Sunday 11 September 2011

Jumping Flash! (PSX)

Wow, a 3D platformer on the PlayStation, released the year before Super Mario 64. The signs aren't good, but maybe it'll surprise me.

I left the menu on for a while and it started flashing up handy advice. Grab carrots, go to goto exit. Got it.

It's nice enough to run through the controls with a quick demo too. It's a shame more games don't do this. The only other one that springs to mind is Ranger-X on the Mega Drive.

This is an especially ancient PSX game though, so no analogue control.

The game starts with a rendered FMV intro, with a voice over explaining how this guy (Baron Aloha) is a bit of a bastard.

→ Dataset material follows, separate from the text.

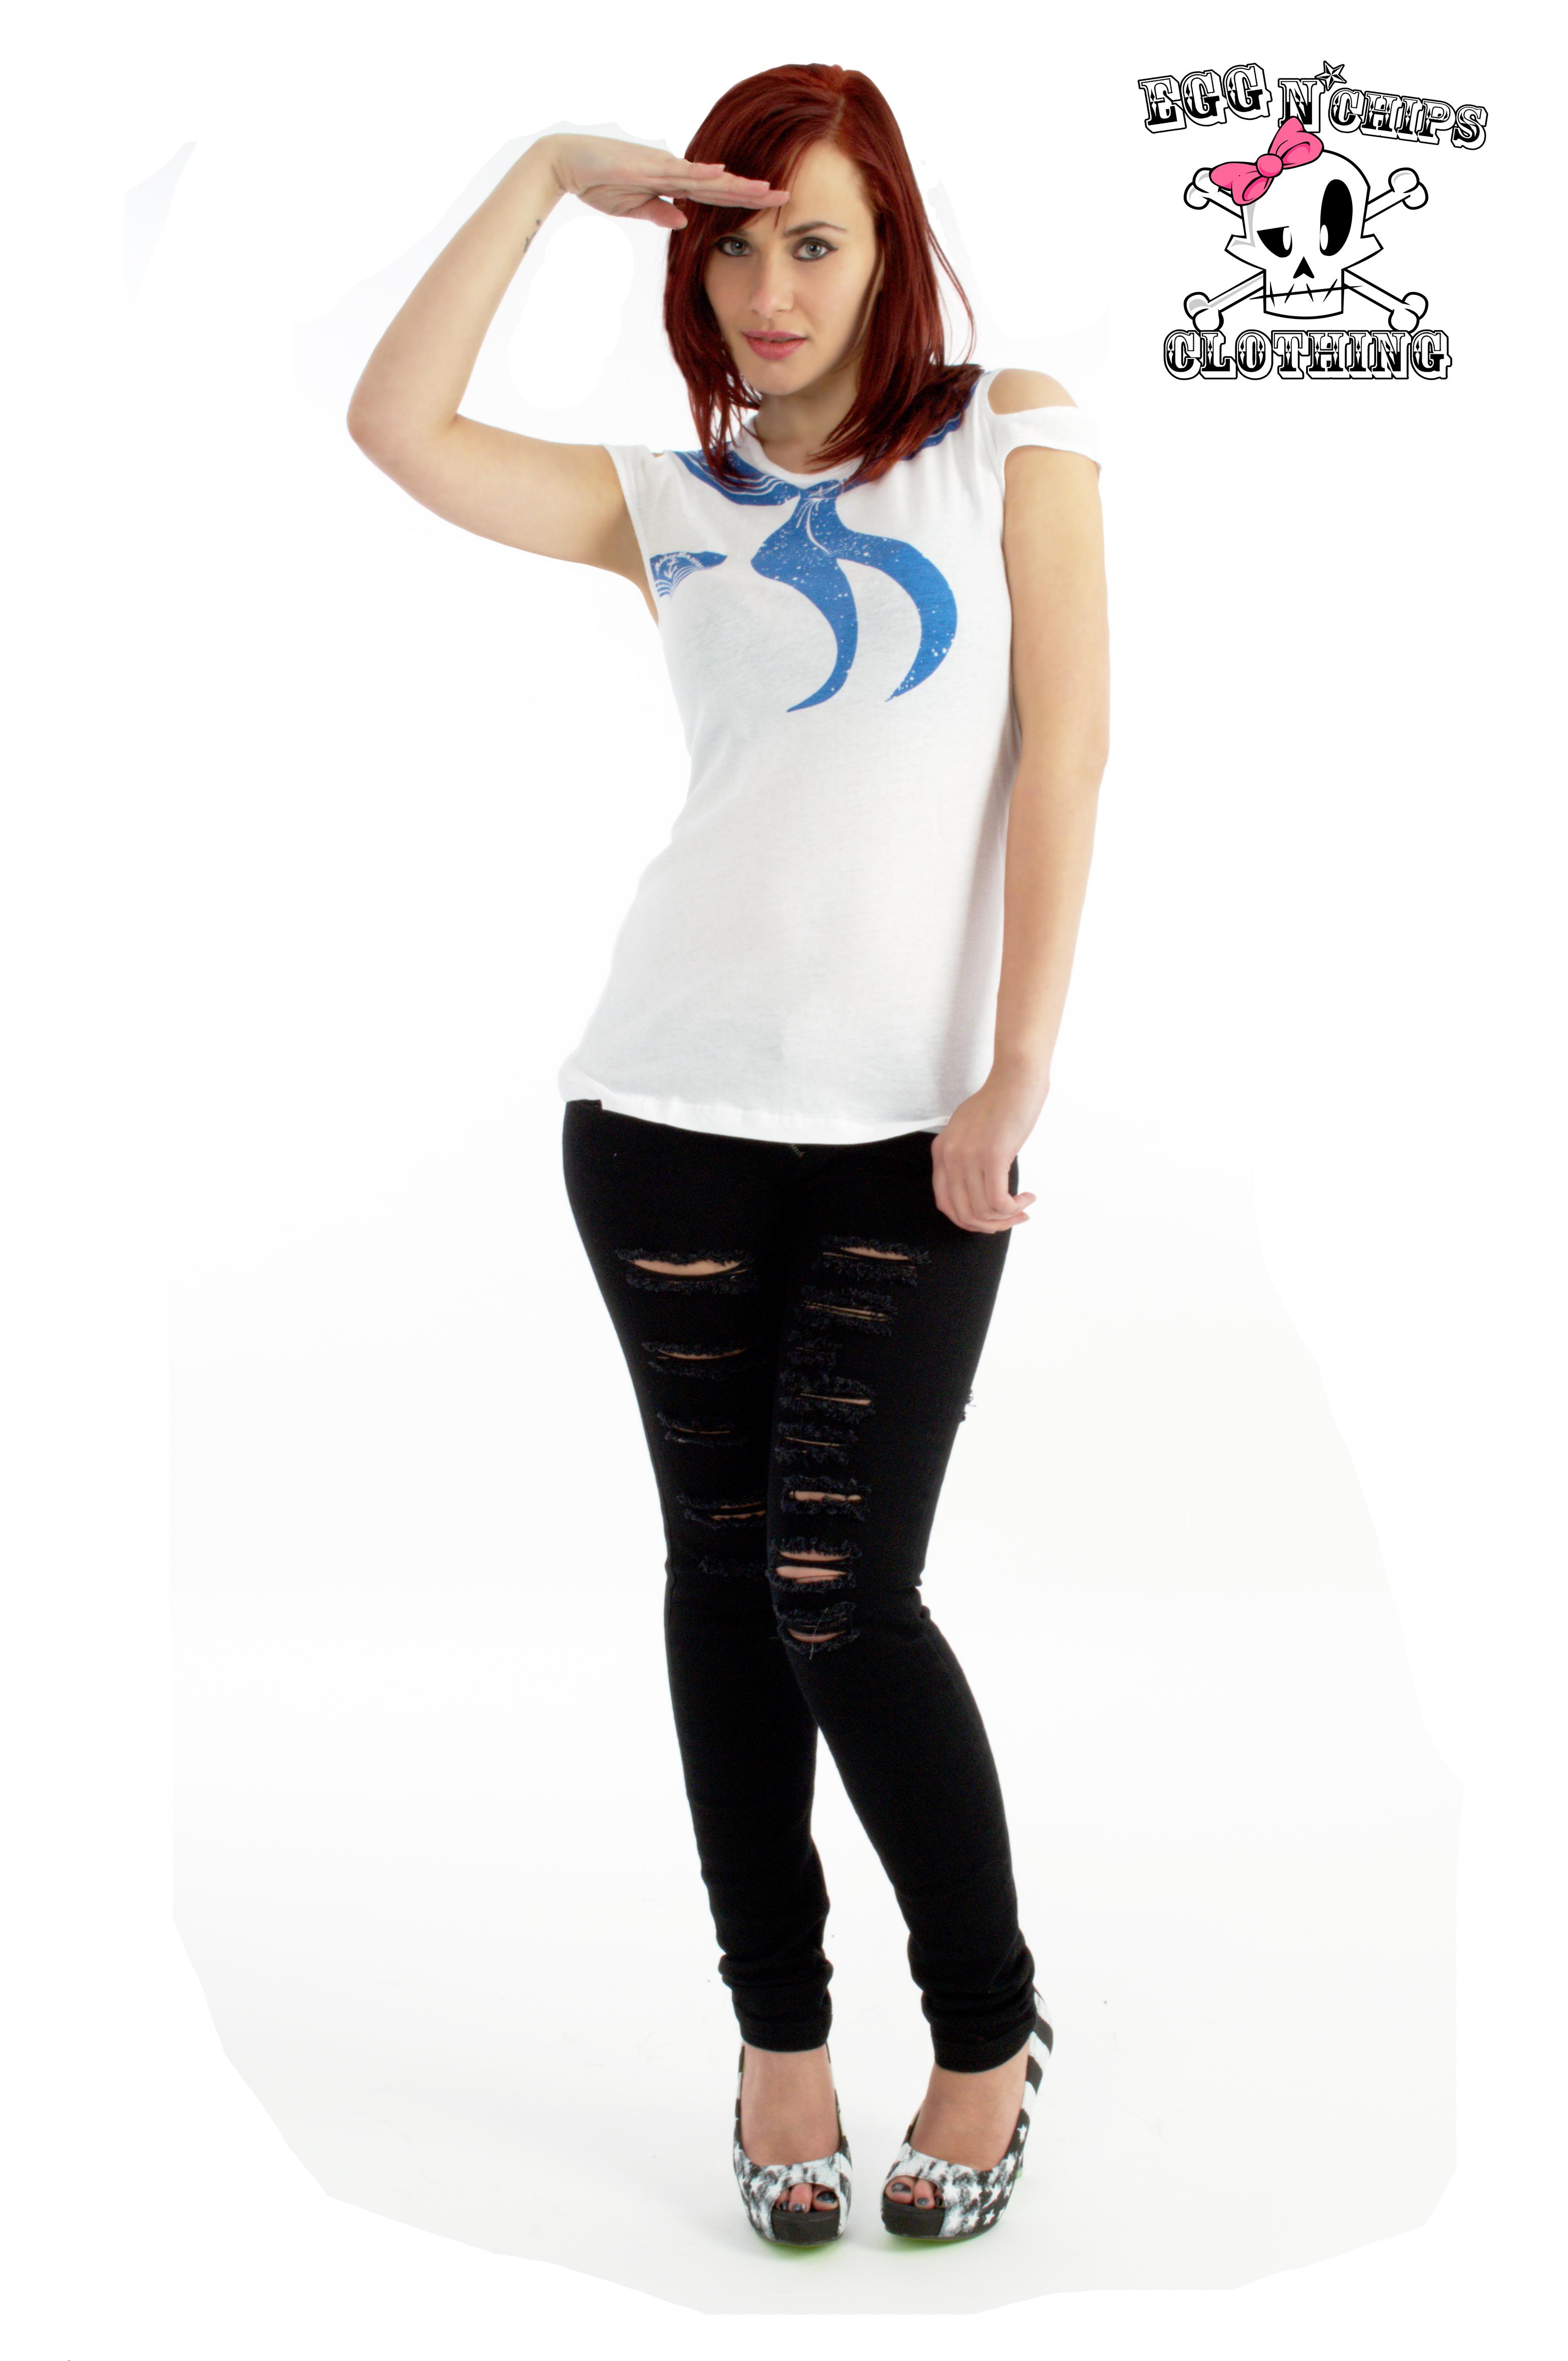 abbey_dawn_womens_sailorette_nautical_top_avril_lavigne_t_shirts_2.jpg

He's put into a motion a sinister scheme to send his robots out to swipe huge chunks of this world to use in another, equally sinister, scheme. (He's going to turn them into private resorts.)

It seems like he's really carved the place up, he's even taken the clouds! But then again those chunks being carried away don't actually seem that big. Plus it's called 'Crater Planet', so maybe it looked like that to begin with.

This looks like a job for Robbit, heroic bunny robot spaceship! Personally I would have gone with 'Rabbot', because Robbit sounds more like a name for a robot frog, but whatever.

Well it looks nice enough for a early PSX game. Oh shit, a robot frog!

Uh, how do I steer this thing?

Never mind, I've found the main guns instead. Crisis averted! I even got a time stop power up for my trouble.

The game's played in first person only, and there's no strafe button. I'm stuck manoeuvring Robbit around with just the d-pad, which is made even more awkward by the painfully slow turning speed.

Despite flying around in the intro, in game Robbit walks around on foot. This is a platformer, not a Star Fox style shooter.

Holy crap the guy can jump though. He has double jumps actually, and on the second jump the camera spins around to point downwards so I can see where I'm landing. It's actually a pretty clever system and it works so well I'm surprised I haven't seen any other games do it.

Also while I'm in this view the d-pad strafes instead of turning, so I can fine tune my landing. I didn't even notice at first because of how natural it is.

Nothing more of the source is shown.